The Essential Baseball Library
NEW!
Some of these books can now be purchased through The Field of Dreams Bookstore --an Associate of Amazon.com
NOTE: These were compiled by others (as credited). They were compiled several years ago. There have undoubtably been works published since then that are more than worthy of being added to these lists, but these are NOT my lists.
If you have suggestions for the Recent books section, please email me.
Compiled by Larry Ritter at the request of a SABR (Society for American Baseball Research) publication.
Statistical reference works excluded; listed in alphabetical order by
author.
- Roger Angell
- The Summer Game (1972)
- Five Seasons (1972)
- Late Innings (1982)
- Angell has such deep insights into the game and the people who play it, and writes so well, that he has virtually single-handedly elevated the quality of sportswriting to a new level.
- Eliot Asinof
- Eight Men Out (1963)
- Asinof's book about the 1919 Black Sox scandal still stands, a quarter century later, as one of the best jobs of investigative baseball reporting ever written.
- Red Barber
- The Broadcasters (1970)
- 1947: When All Hell Broke Loose in Baseball (1982)
- Two outstanding books, filled with inside information, by the best baseball play-by-play announcer of all time.
- Thomas Boswell
- How Life Imitates the World Series (1982)
- Why Time Begins on Opening Day (1984)
- One of the few competitors to Angell in terms of elegant and insightful baseball reportage.
- Bobbie Bouton & Nancy Marshall
- Home Games (1983)
- A straightforward and honest book that reveals a side of baseball that is rarely ackowledged, much less discussed.
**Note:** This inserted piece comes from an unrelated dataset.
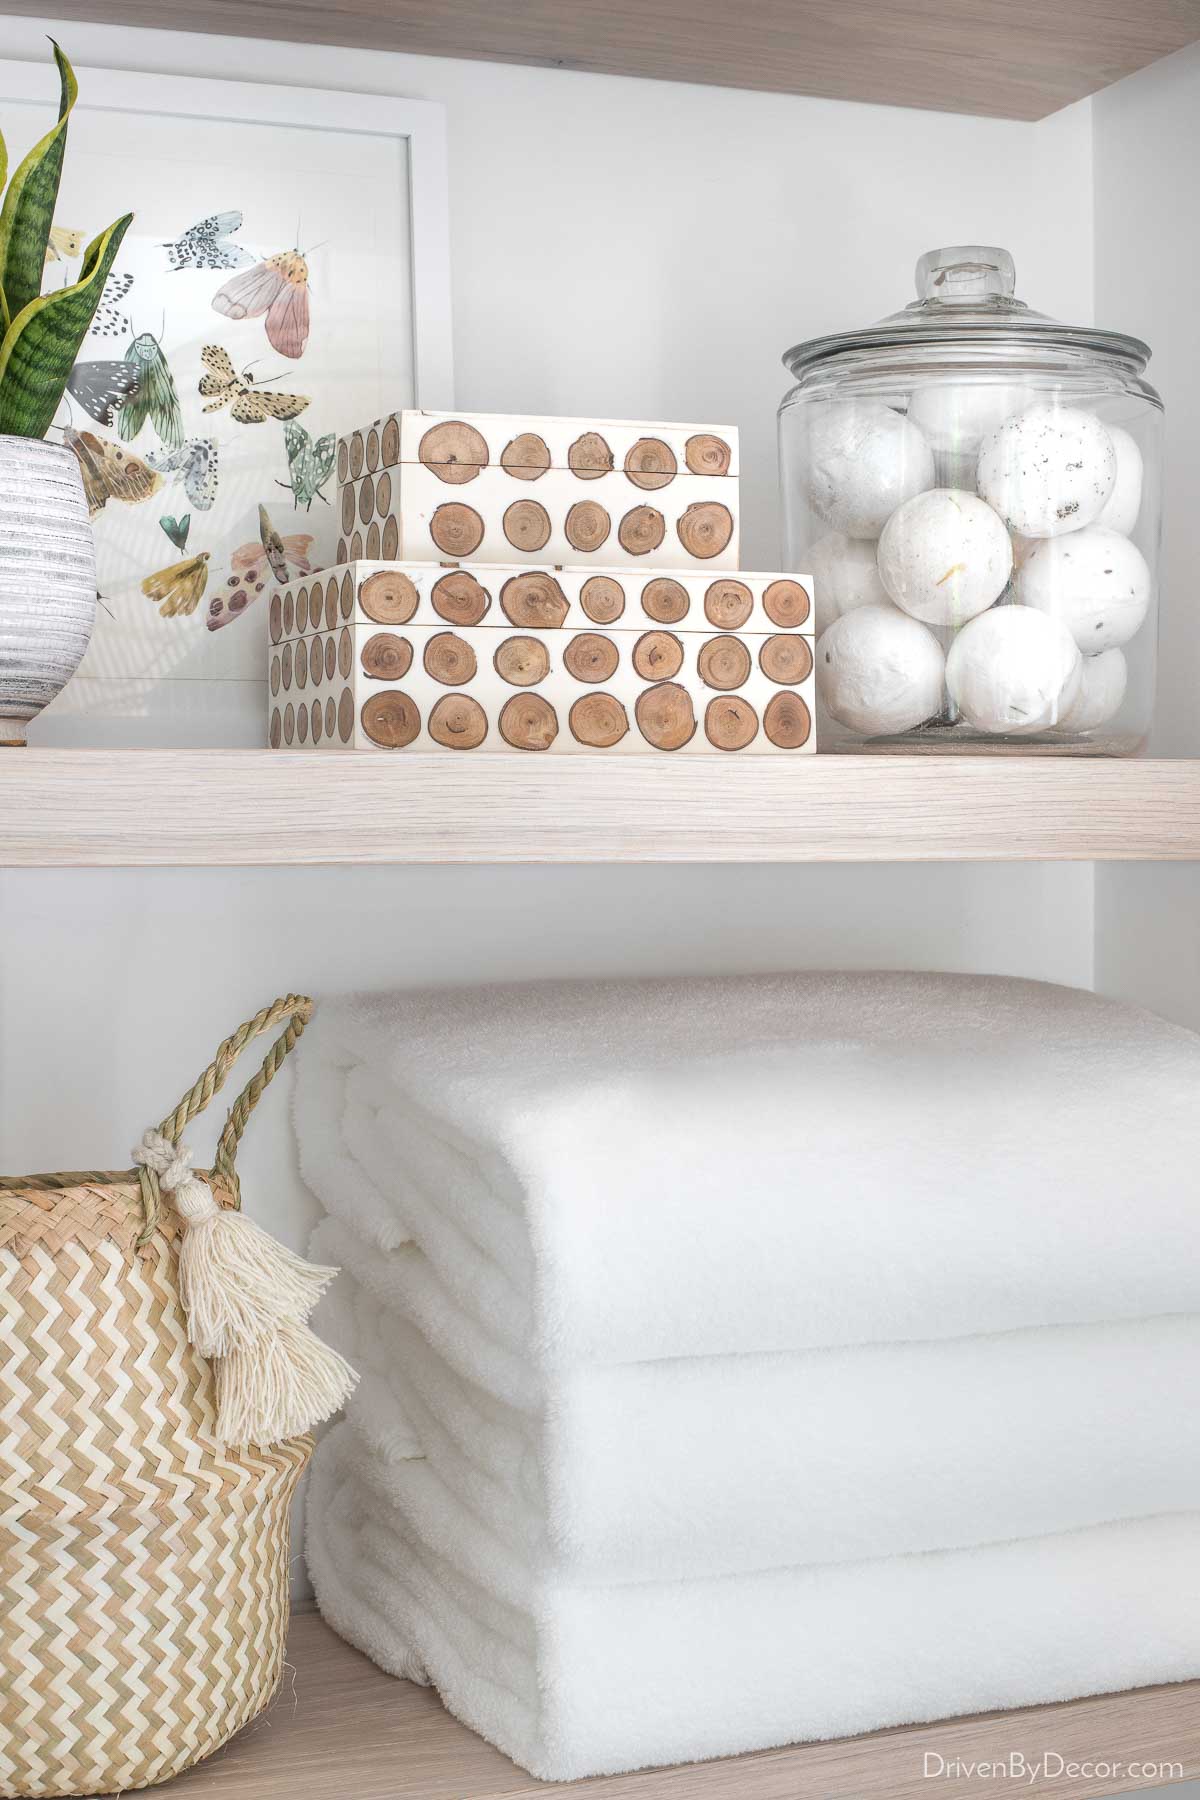 The best towels if you're looking for luxuriously soft, fluffy, and absorbent towels!
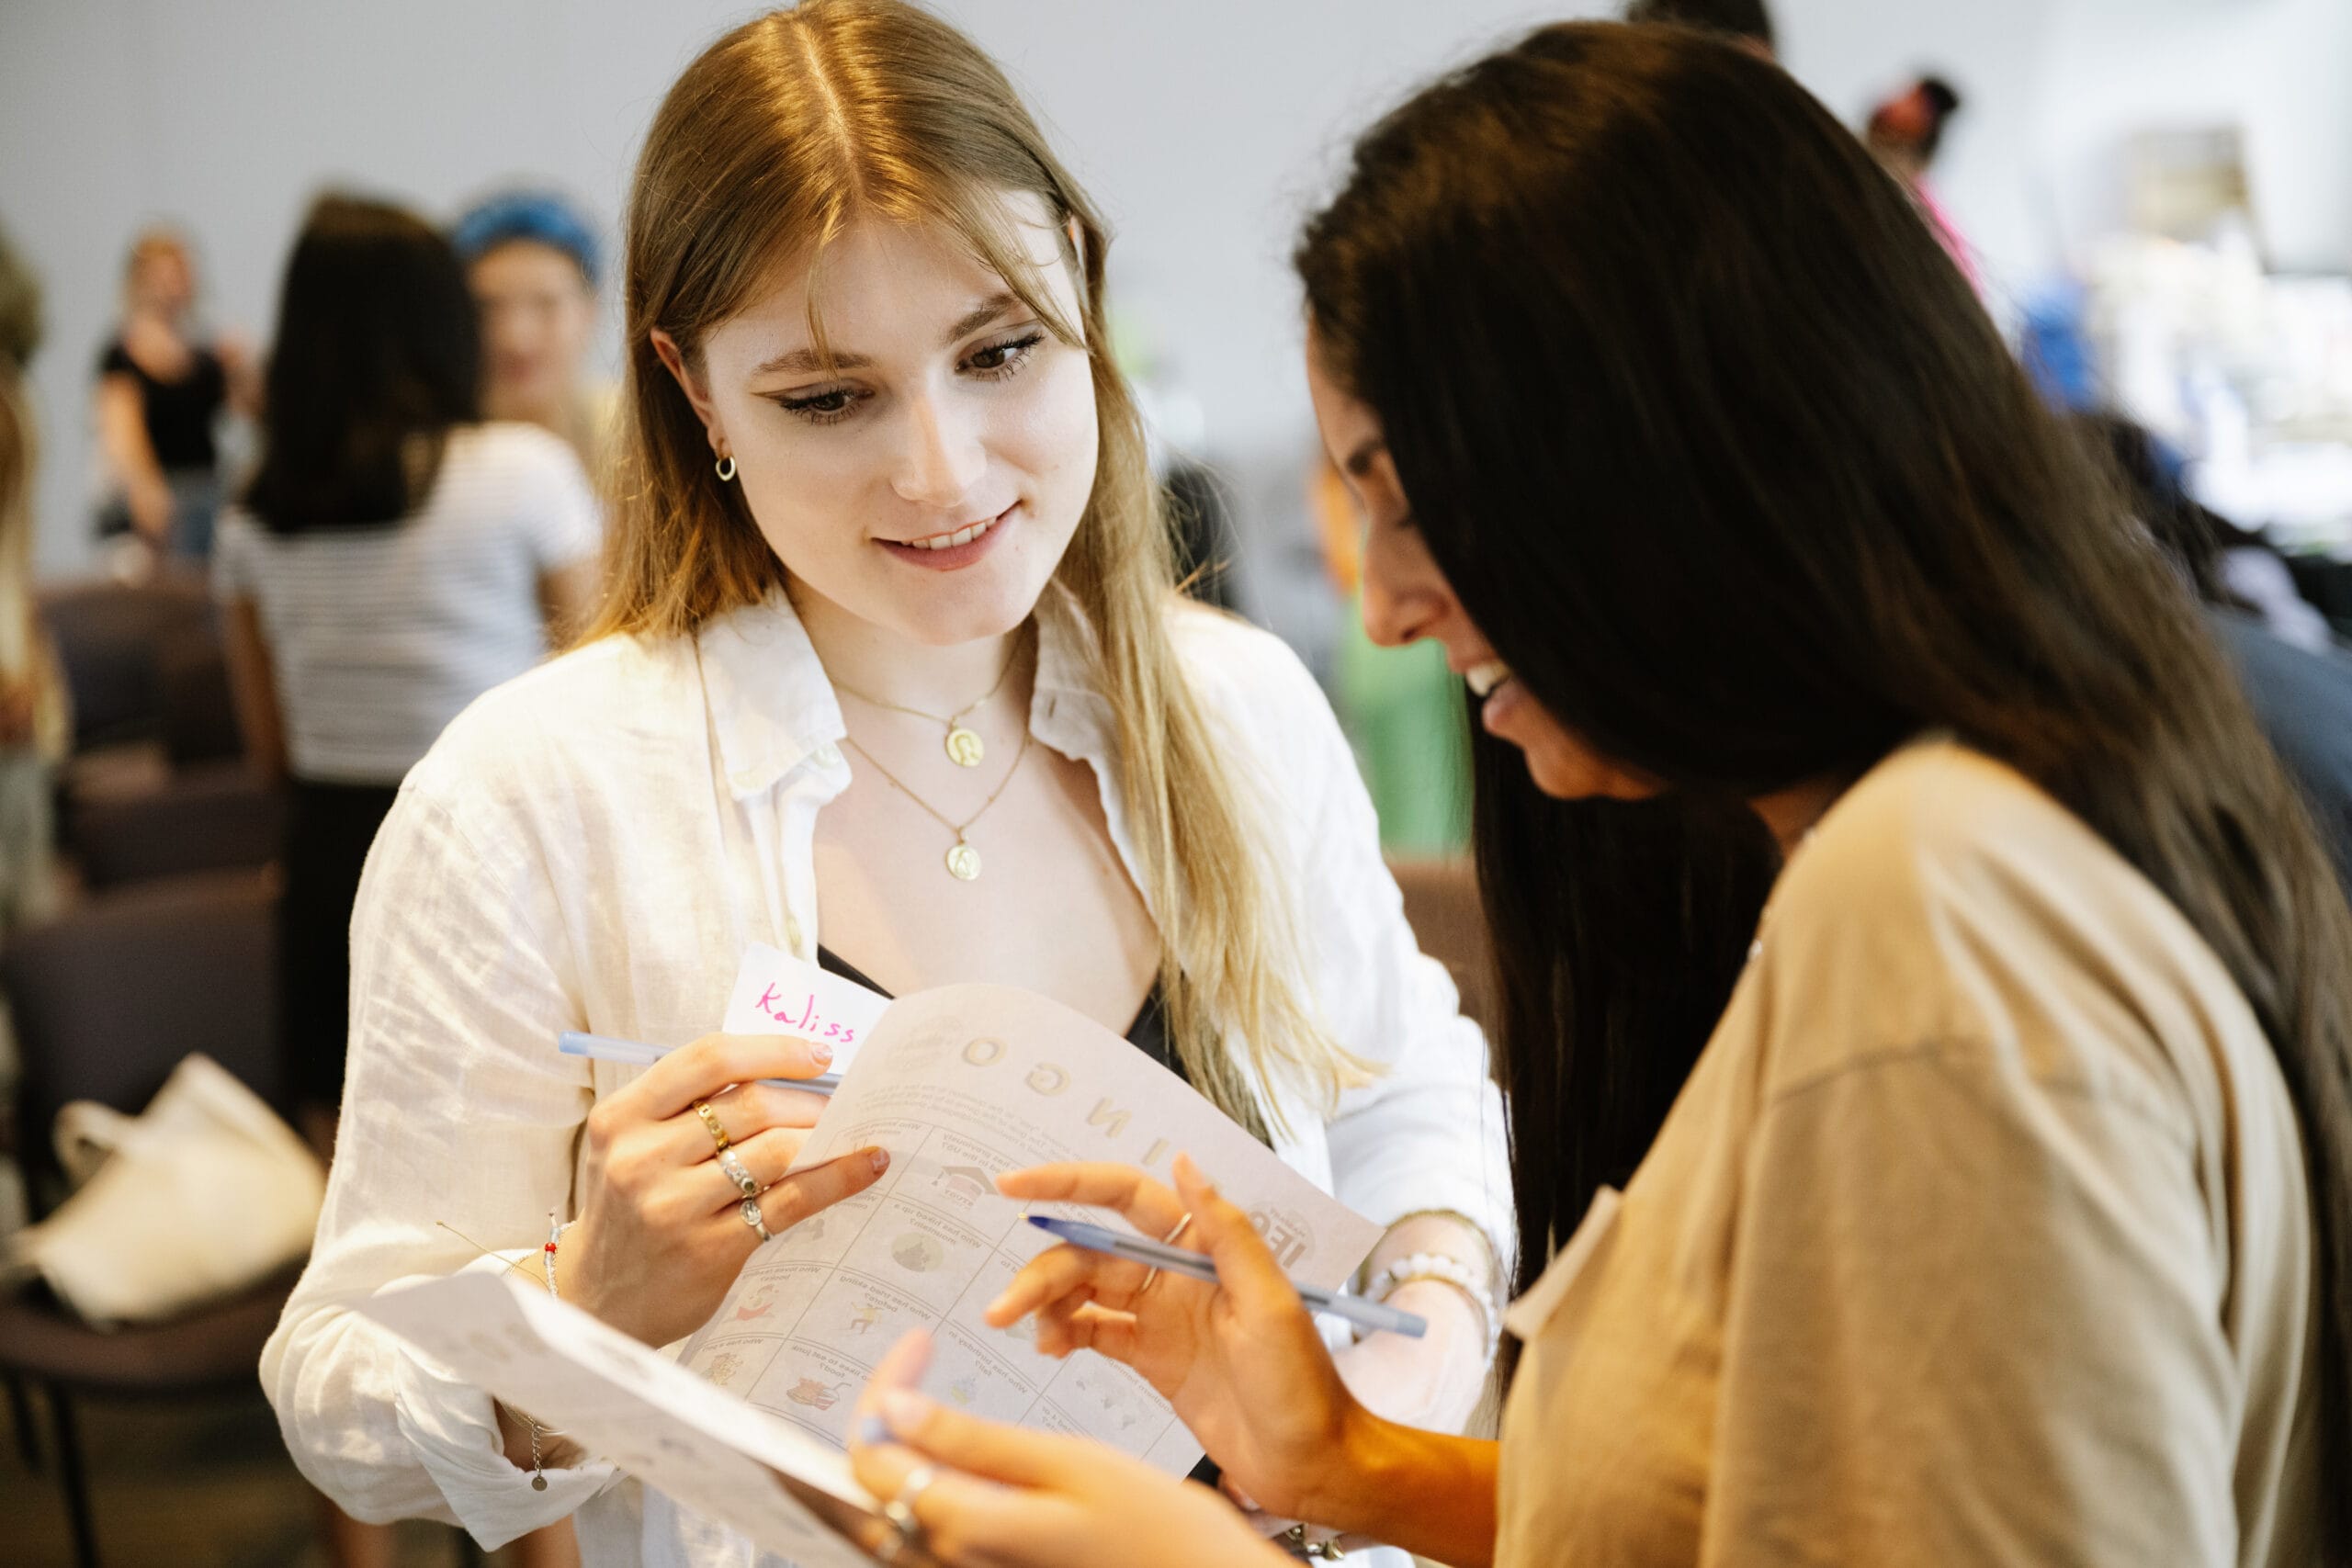 A blonde student in a white shirt smiles and talks to another student looking down at a piece of paper.

Poignant and moving.
- Jim Bouton & Leonard Schecter
- Ball Four (1970)
- A pioneer in its day. Considered daring at the time but pretty tame stuff now. Perhaps the funniest baseball writing since Ring Lardner.
- Jim Brosnan
- The Long Season (1960)
- Talk about pioneers! As far ahead of his time as Galileo.
- Ty Cobb & Al Stump
- My Life in Baseball (1961)
- After you finish the book, then read about Al Stump's experiences writing it (a 3-part article in True Magazine in 1961.)
- Bob Creamer
- Babe (1974)
- Stengel: His Life and Times (1984)
- Creamer writes a well-researched no-nonsense biography. The best in the business at it.
- Charles Einstein
- The 3 Fireside Books of Baseball (1956, 58, 68)
- It is hard to understand how the publisher, Simon & Schuster, could have allowed these classics to go out of print. They should be available in a boxed set.
- James T. Farrell
- My Baseball Diary (1957)
- A tender and loving book. As great, in its own way, as the same author's famous Studs Lonigan trilogy.
- Gordon Fleming
- The Unforgettable Season (1981)
- A novel and exciting way to relieve a baseball season, in this case 1908 and poor Fred Merkle. The idea is great but I think one book of its type is enough.
- Larry Gerlach
- The Men in Blue (1980)
- Interview-type books depend on the interviewer's skill as an interviewer and as a writer. Gerlach is tops on both counts.
- Lee Gutkind
- Best Seat in the House But You have to Stand ( 1975)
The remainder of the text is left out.